(Beginning of RECORDS PROVIDED)

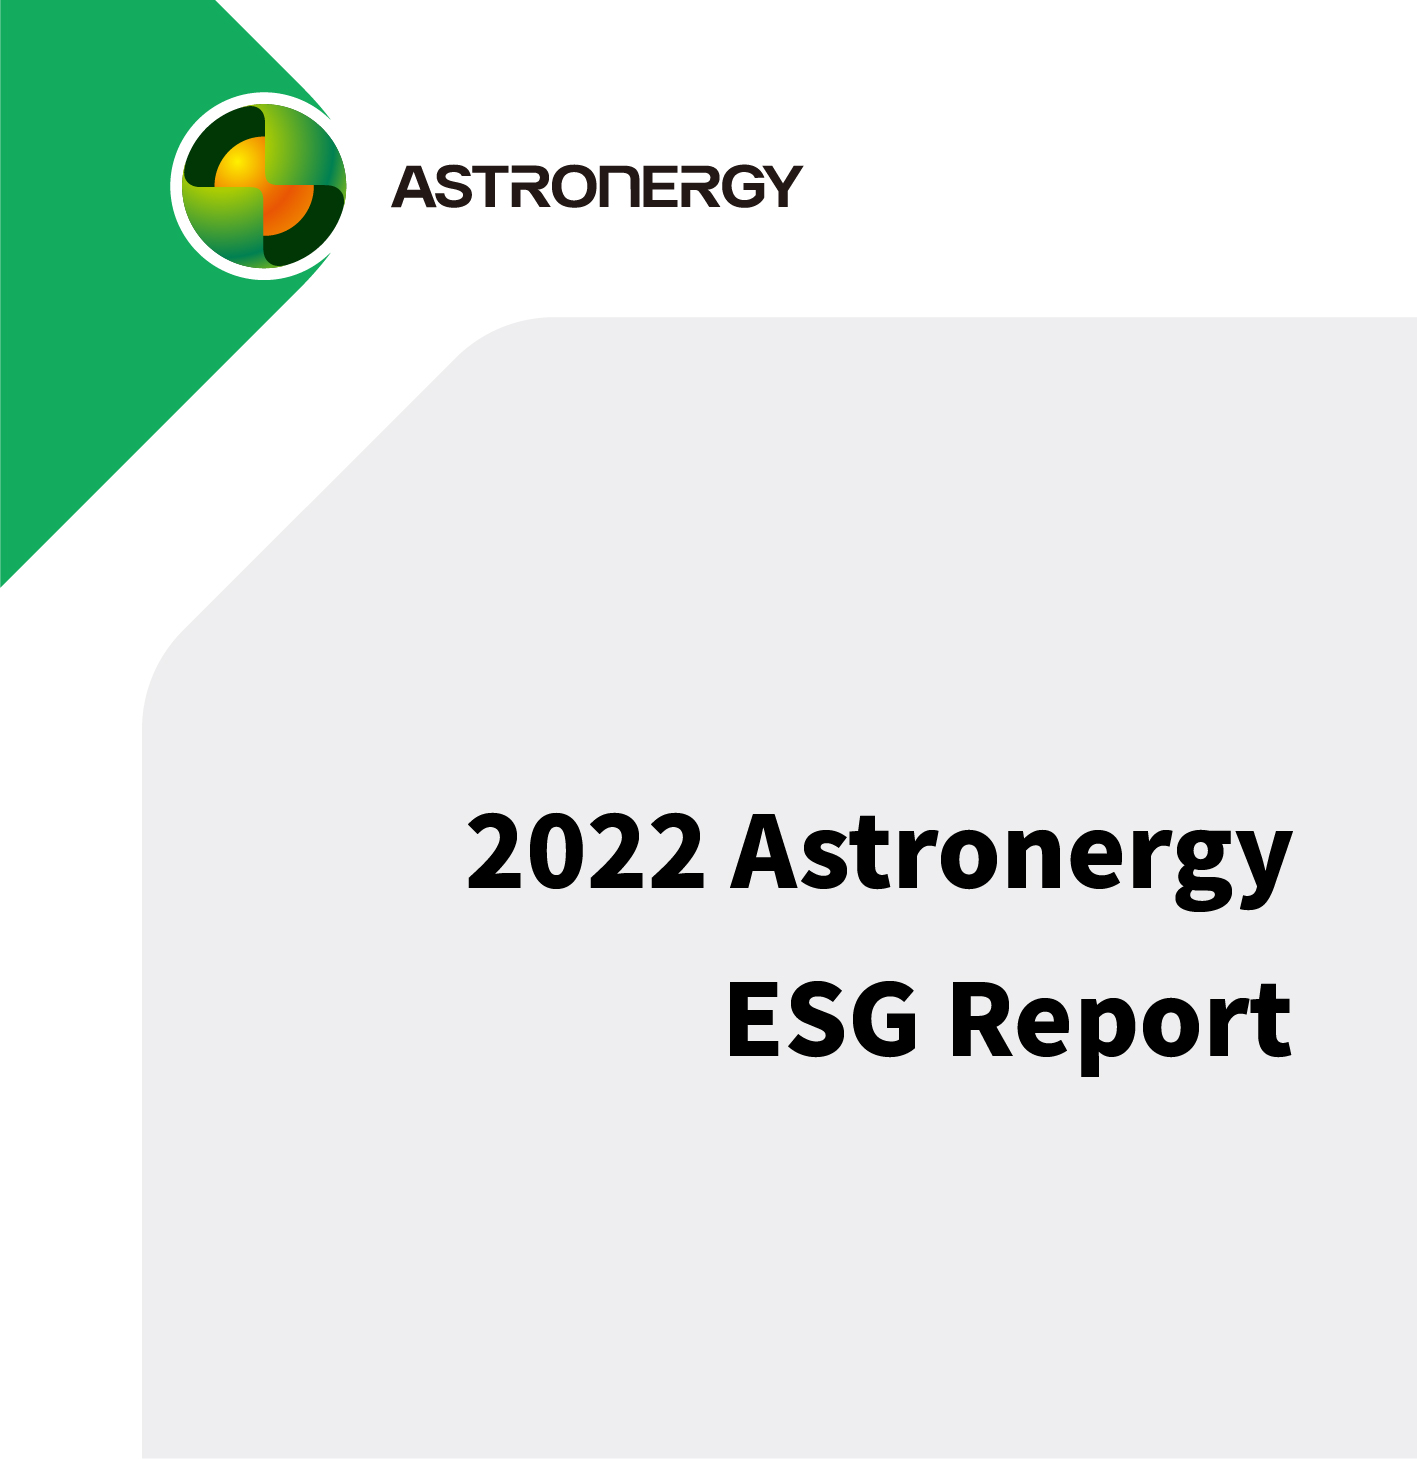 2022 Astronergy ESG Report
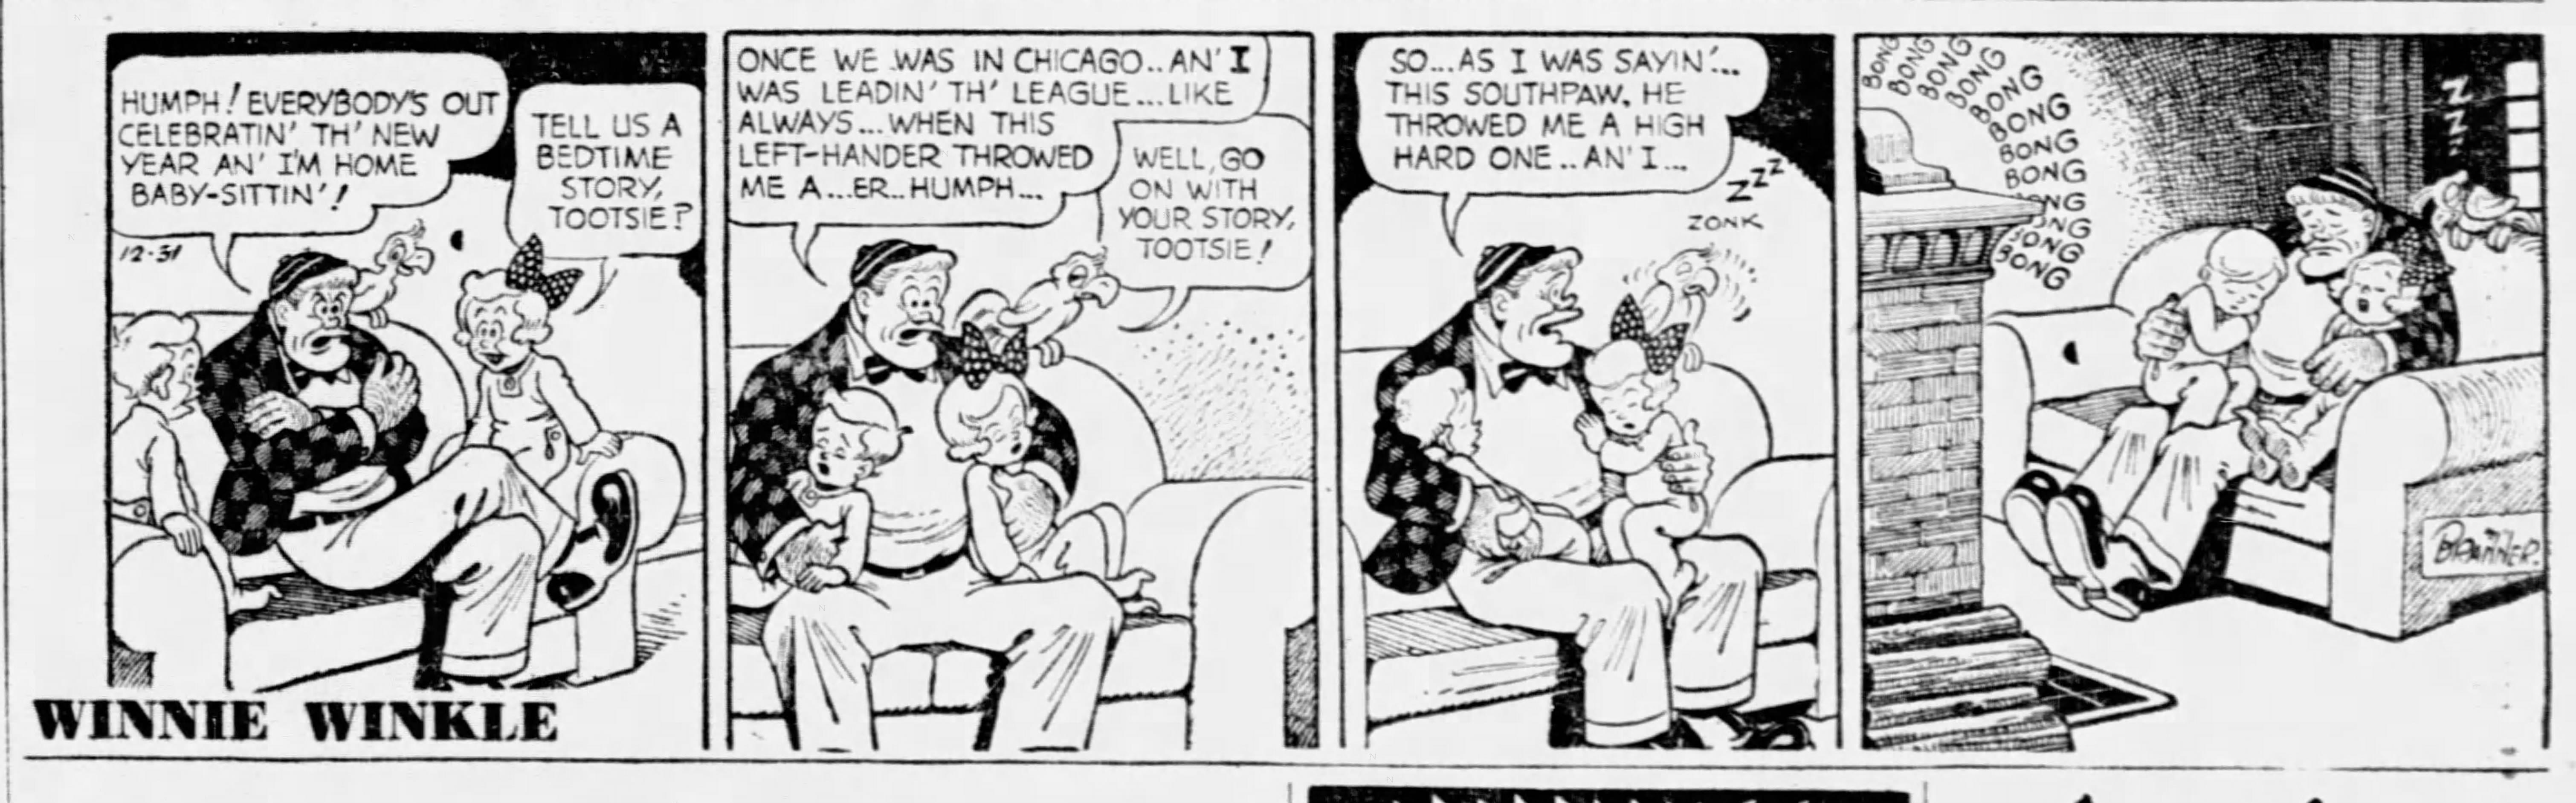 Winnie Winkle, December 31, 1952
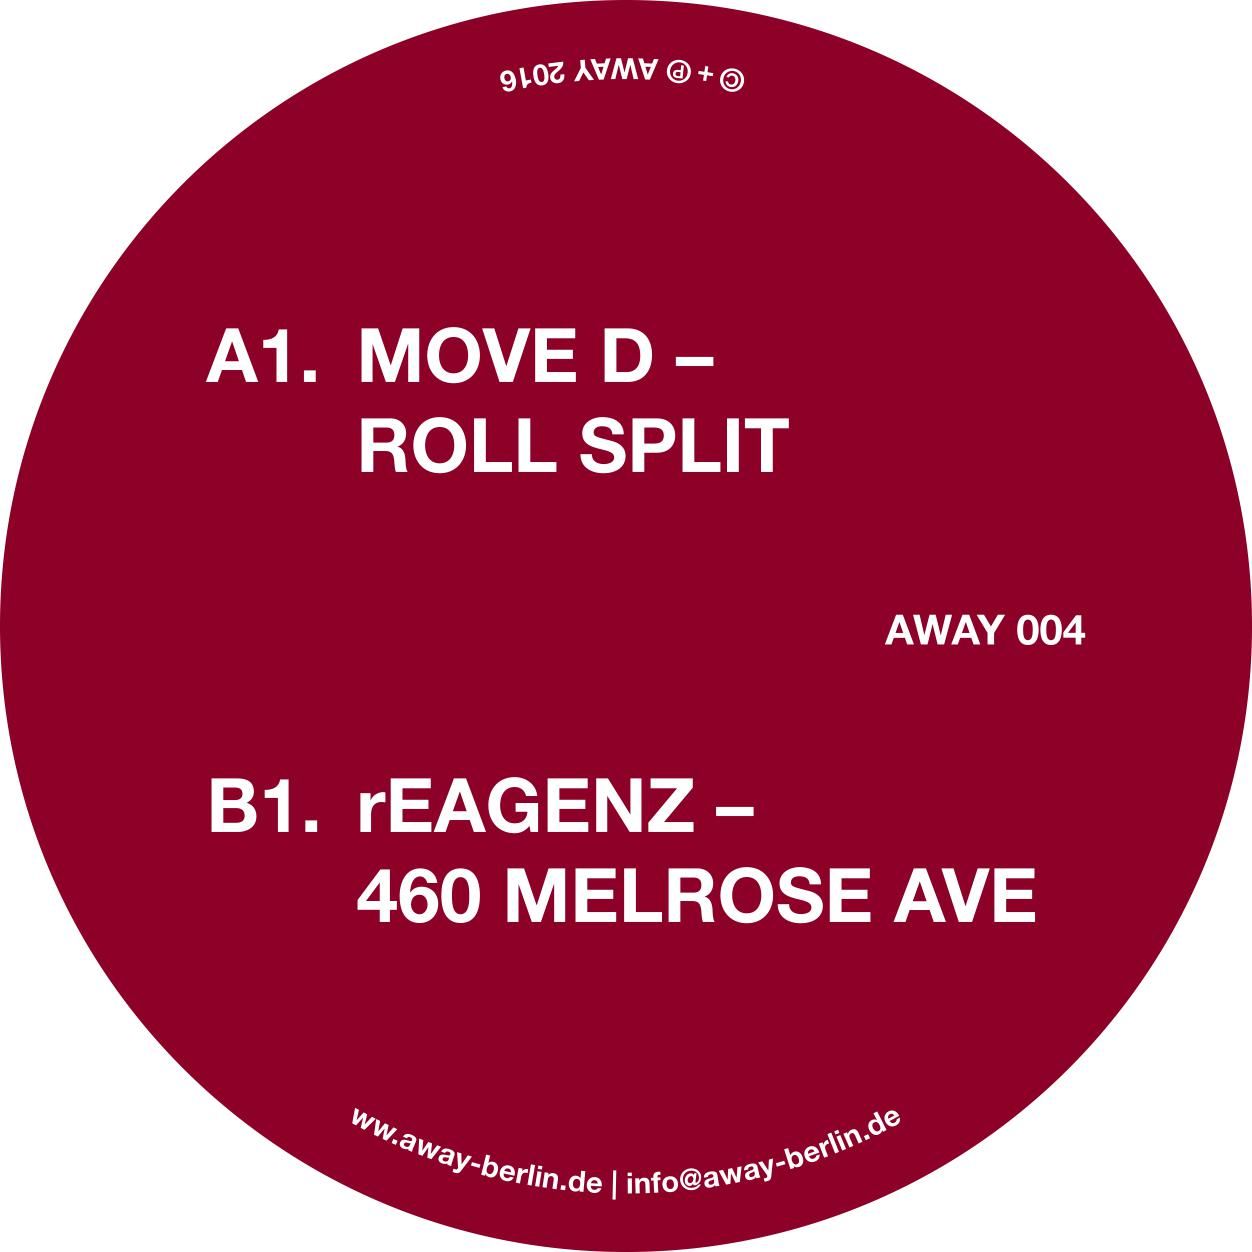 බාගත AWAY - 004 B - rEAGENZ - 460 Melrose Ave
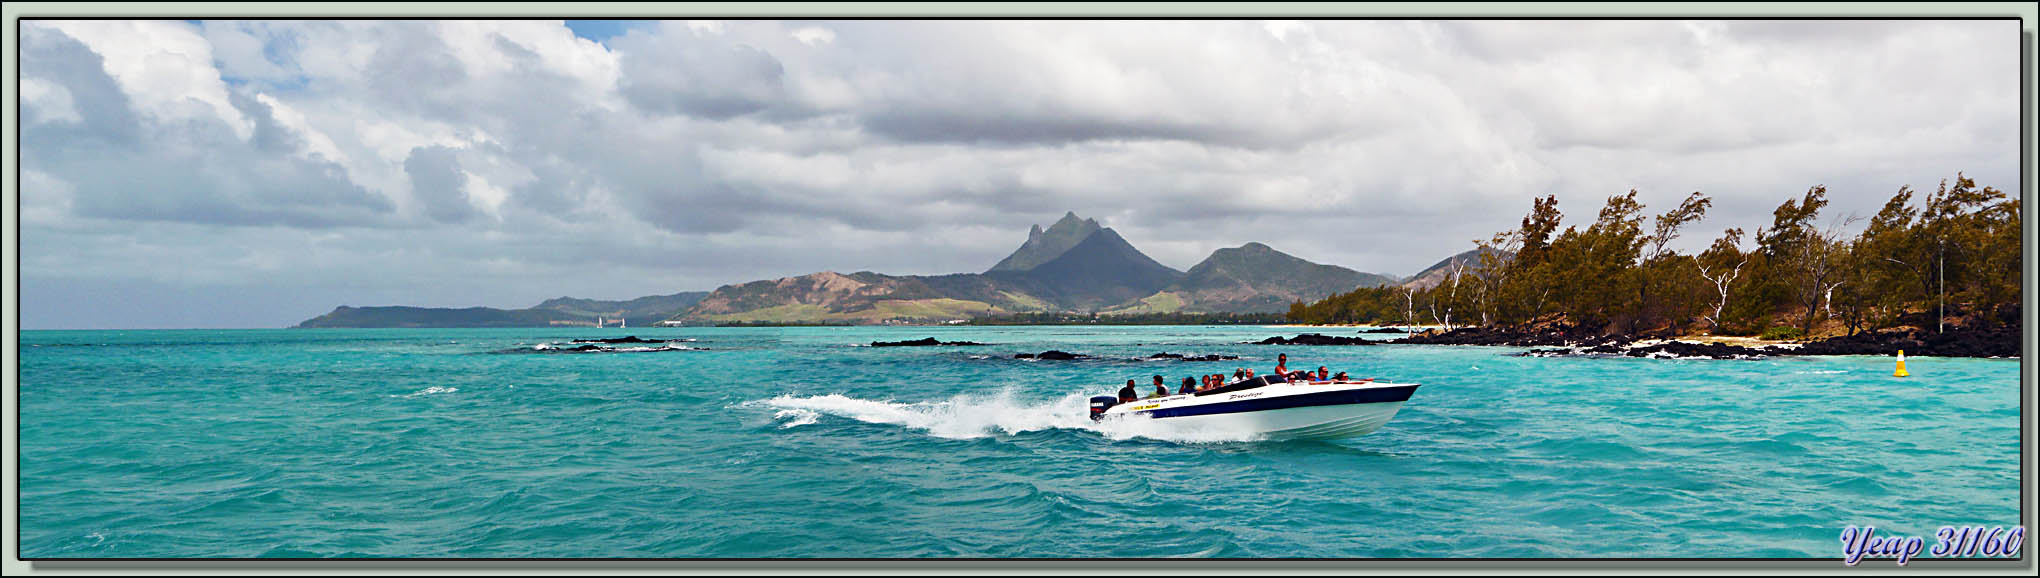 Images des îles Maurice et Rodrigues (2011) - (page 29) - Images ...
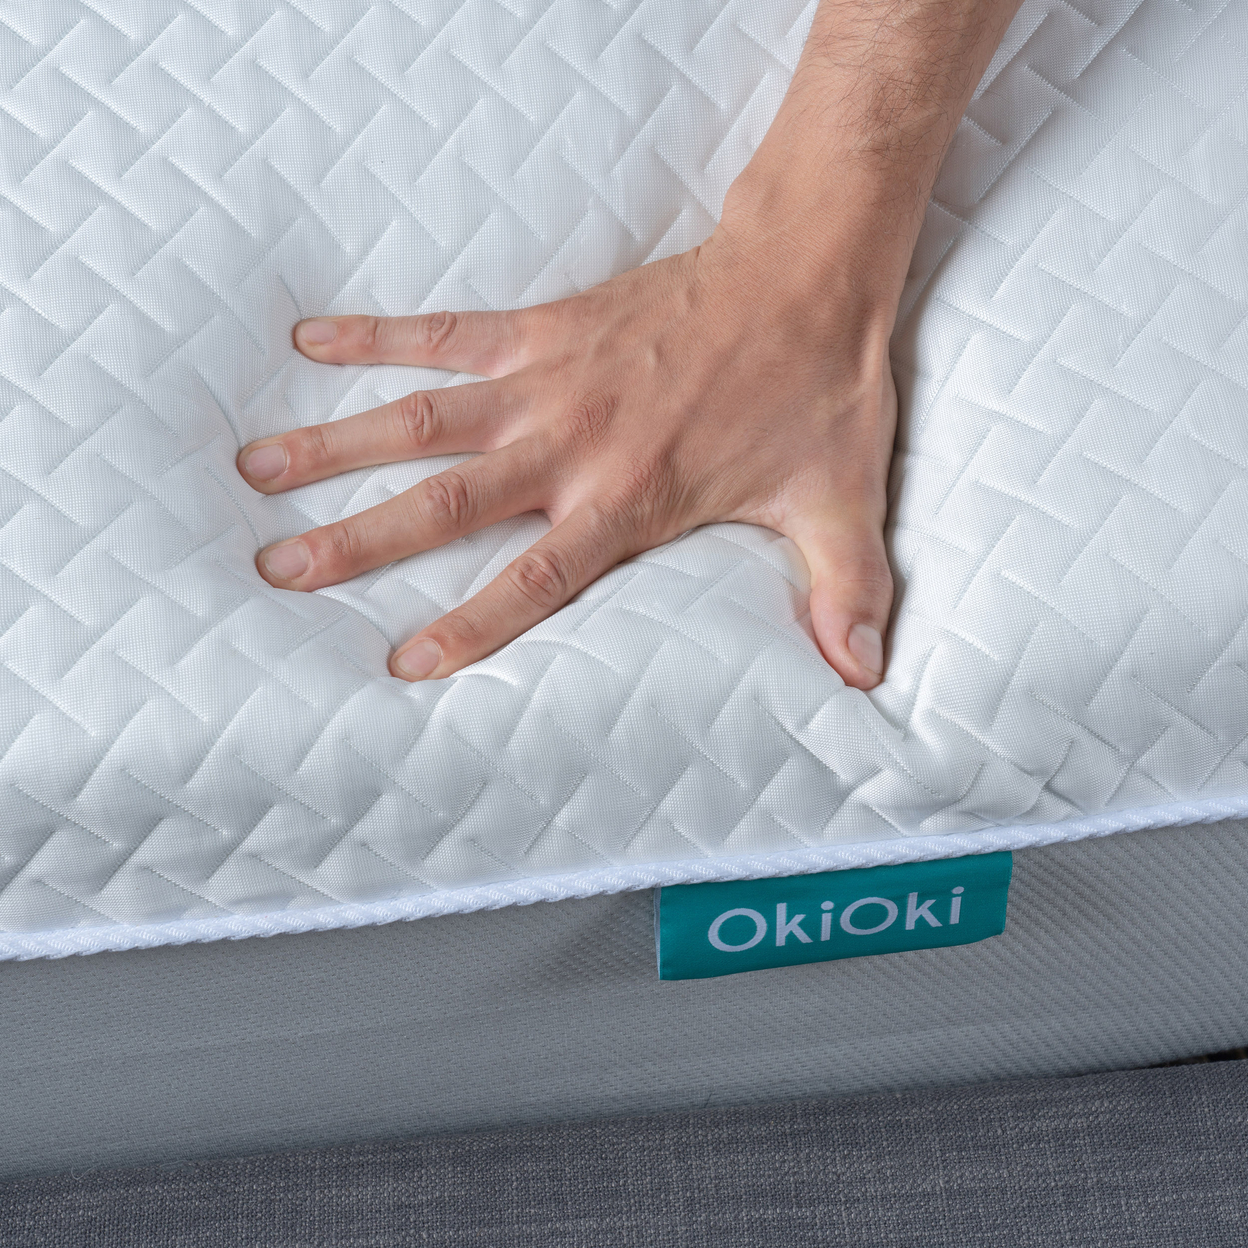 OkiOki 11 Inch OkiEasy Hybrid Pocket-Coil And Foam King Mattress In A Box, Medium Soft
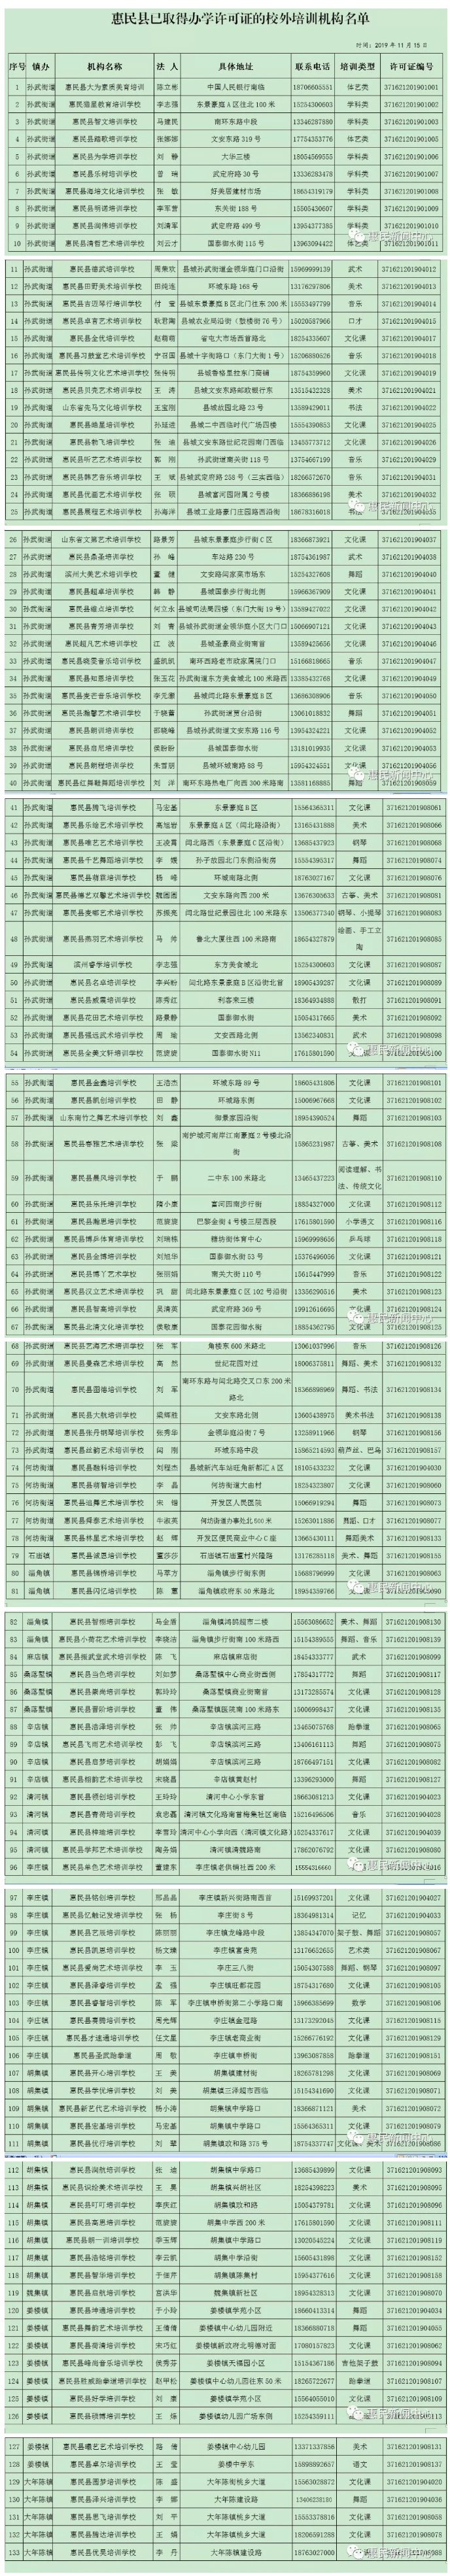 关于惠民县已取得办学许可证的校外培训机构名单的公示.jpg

(End of RECORDS PROVIDED)

# WORK TO BE COMPLETED
Word for word, repeat all of the entries above, leaving out the pictures.

# OUTPUT
 2022 Astronergy ESG Report
 Winnie Winkle, December 31, 1952
 බාගත AWAY - 004 B - rEAGENZ - 460 Melrose Ave
 Images des îles Maurice et Rodrigues (2011) - (page 29) - Images ...
 OkiOki 11 Inch OkiEasy Hybrid Pocket-Coil And Foam King Mattress In A Box, Medium Soft
 关于惠民县已取得办学许可证的校外培训机构名单的公示.jpg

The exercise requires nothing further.